Referring to FIG. 2, the gas purifier 200 shown in this drawing is installed between the primary side space 200A and the secondary side space 200B, and the gas supplied from the primary side space 200A (eg, air). ) Is filtered to remove particles and supply the particles to the secondary side space 200B. The gas purifier 200 has a structure in which a gas blowing unit 203 for forming a gas flow and a filter unit 202 for removing particles in a gas supplied from the gas blowing unit 203 are stacked. have.
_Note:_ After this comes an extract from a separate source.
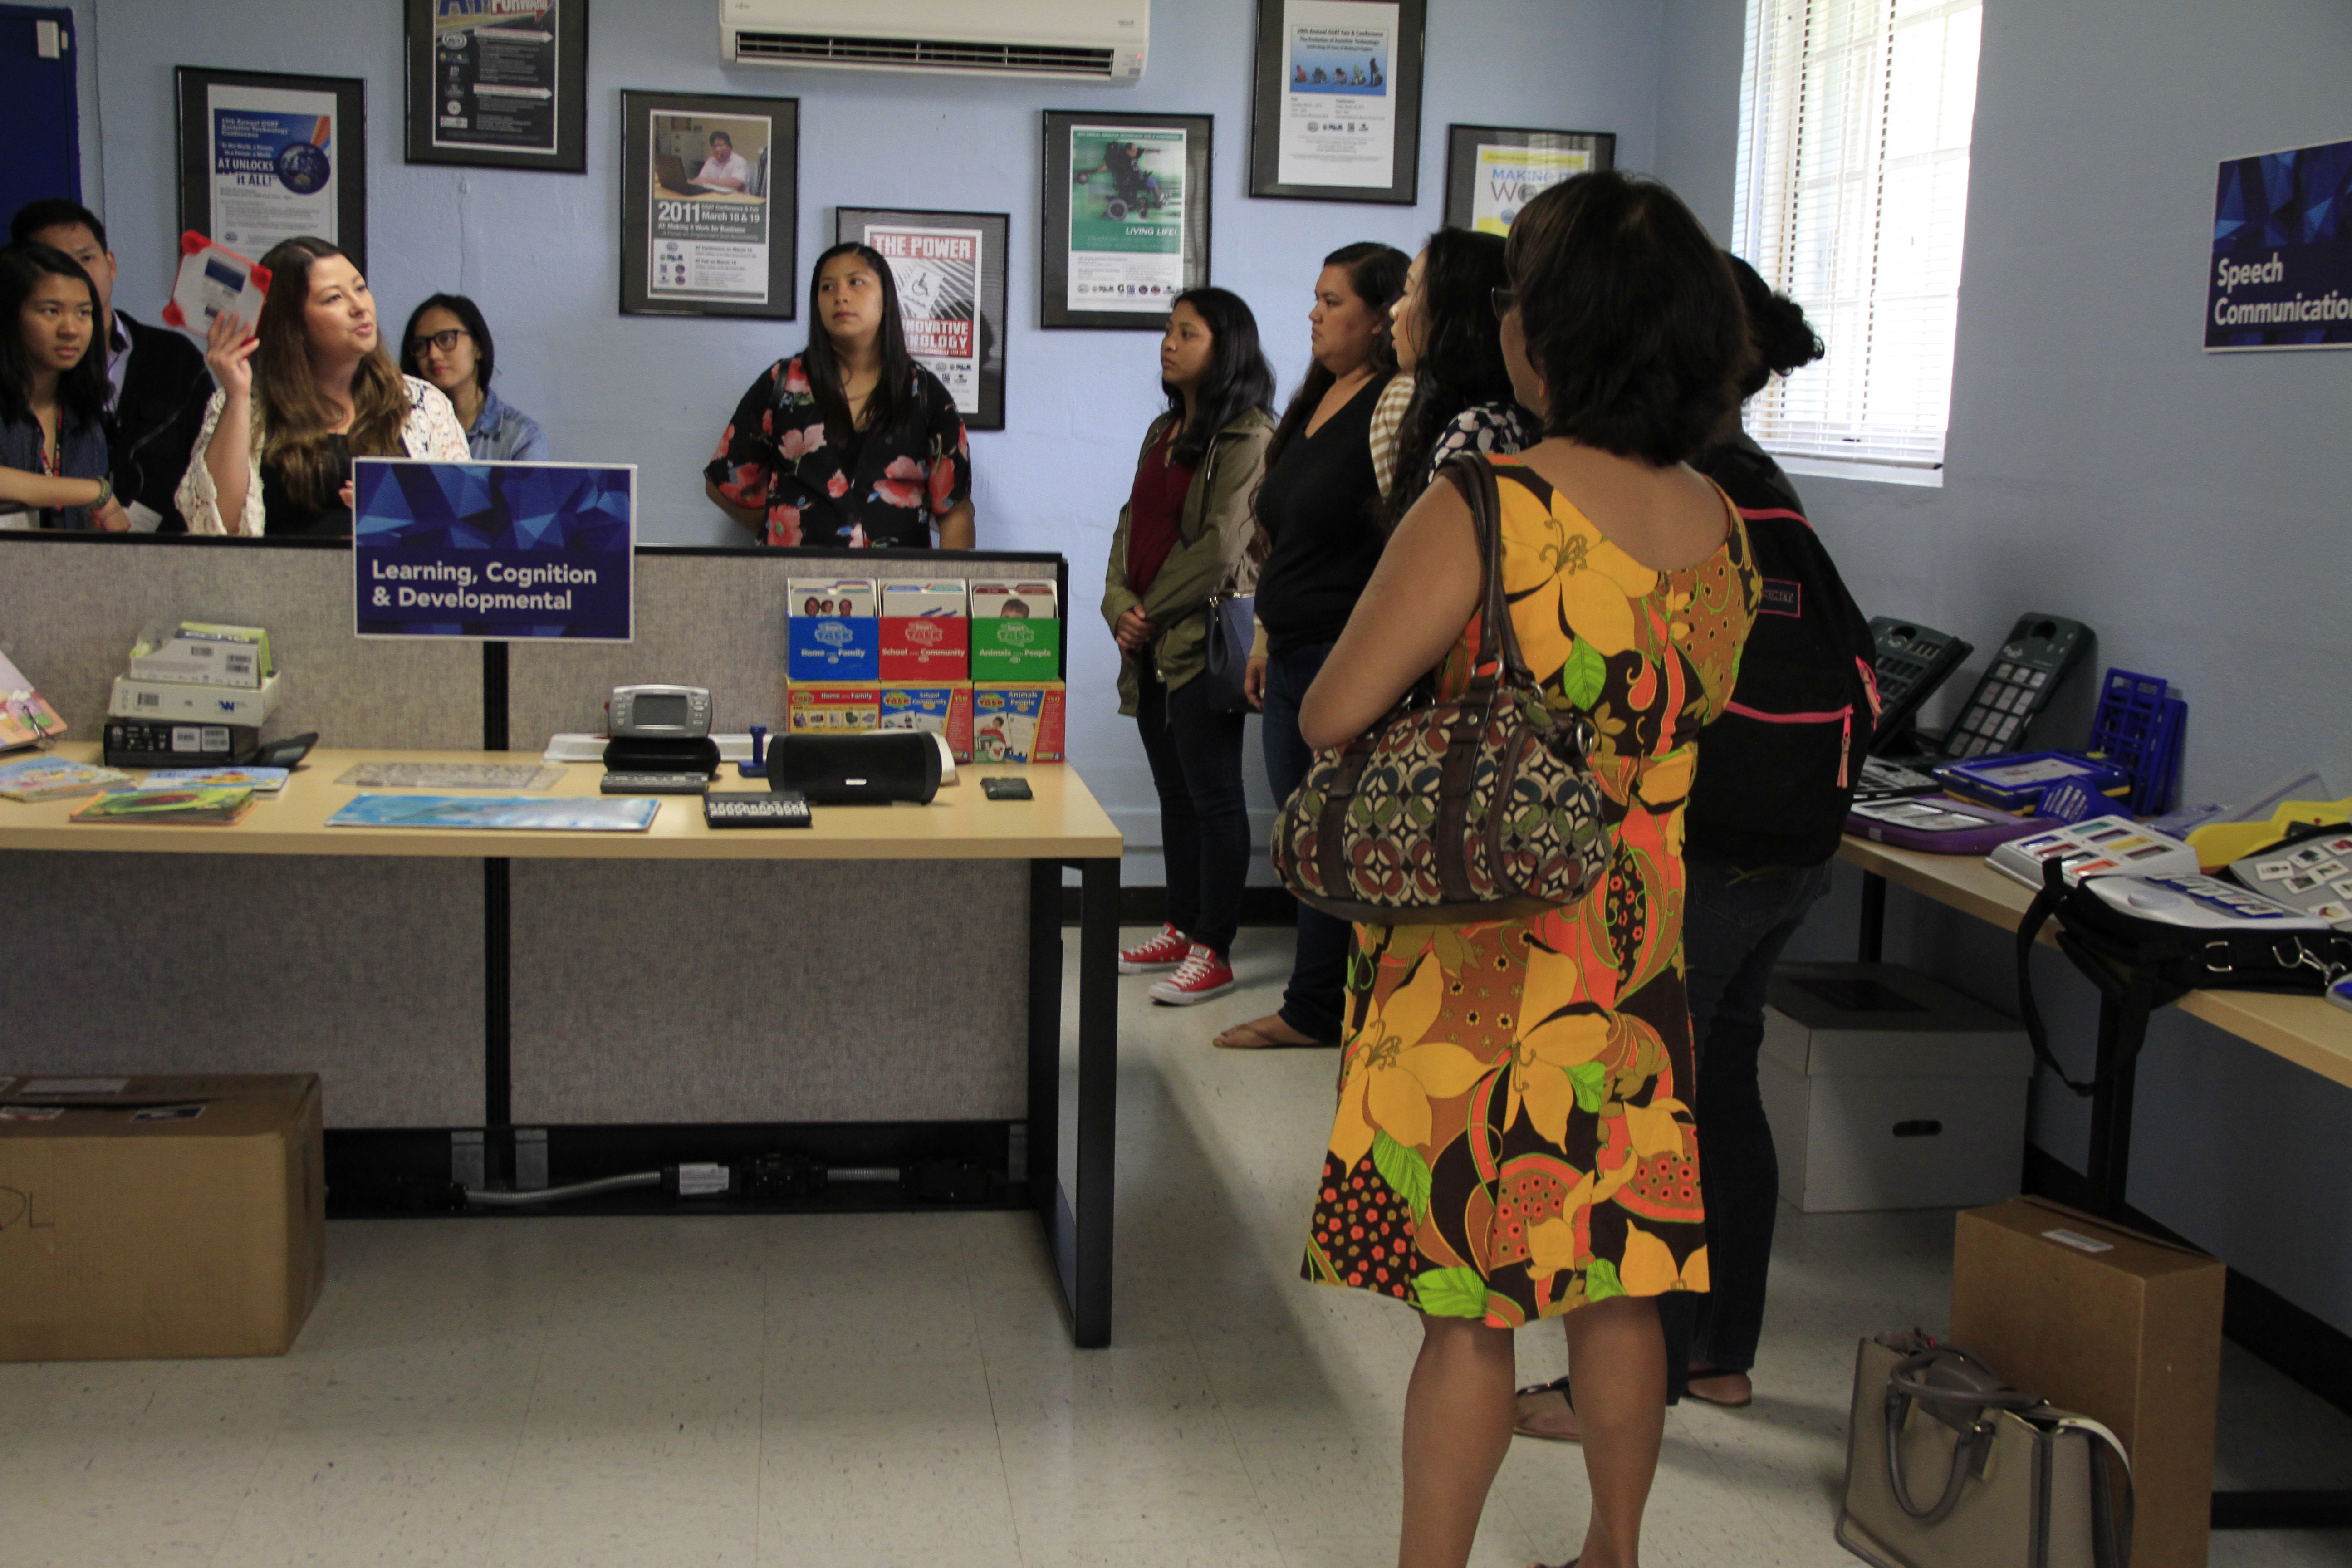 On April 7, Carla Torres, Assistive Technology & Special Projects Program Coordinator, delivered a presentation on Assistive Technology to 9 students enrolled in ED 220:  Human Growth and Development at Guam Community College taught by Vera De Oro.

The blower 203 has a structure in which a blower (such as a fan) 203A is housed in the housing 203B. The filter portion 202 has a structure in which the filter layer 202A is housed in the housing portion 202B. The filter layer 202A is formed of a fibrous filter layer (ULPA filter).

In the above configuration, the wafer w1 is provided in the primary side space 200A, and the wafer w2 is provided in the secondary side space 200B to investigate the particle movement and the particle removal state.

FIG. 3 is a diagram showing a result of examining the number of particles on the silicon wafer w1 left in the primary side space 200A (space before particle removal) shown in FIG. 2 for 10 minutes. Referring to FIG. 3, the particles on the wafer w1 tend to increase as the particle size is smaller. For example, in consideration of preventing contamination of the semiconductor device manufacturing process by particles, how to remove particles having such a small particle diameter and difficult to remove is important. For this reason, the inventor of this invention performed the analysis as shown below about the behavior of a fine particle.

FIG. 4 is a diagram showing the results of particle size and components being investigated by arbitrarily selecting the particles shown in FIG. 3 using a scanning electron microscope (SEM) and using an EDX (energy dispersive X-ray spectrometer). In the above analysis, only the analysis results of particles related to metals are displayed among the particles. In the above analysis, the particles are observed using an SEM, and the observed particles are analyzed by EDX to identify components (elements). In addition, the number of particle diameters of particle | grains of 0.1-0.5 micrometer, 0.5-1.0 micrometer, 1.0 micrometer or more about each element is also investigated.

In addition, FIG. 5 analyzes the metal contamination of the surface of the silicon wafer w1 left in the primary side space 200A shown for FIG. 2 for 10 minutes using VPD ICP-MS (weather analysis + inductively coupled plasma mass spectrometry). It is a figure which shows one result.

Referring to FIGS. 4 and 5, it can be seen that the analysis results of FIG. 4 and the analysis results of FIG. 5 may not always coincide with the results. For example, take Na as an example and compare the analysis results of FIGS. 4 and 5. According to FIG. 4, although the particle number of Na is small compared with Al and Ca, according to the analysis of FIG. 5, the contamination degree of Na shows the highest tendency among each element.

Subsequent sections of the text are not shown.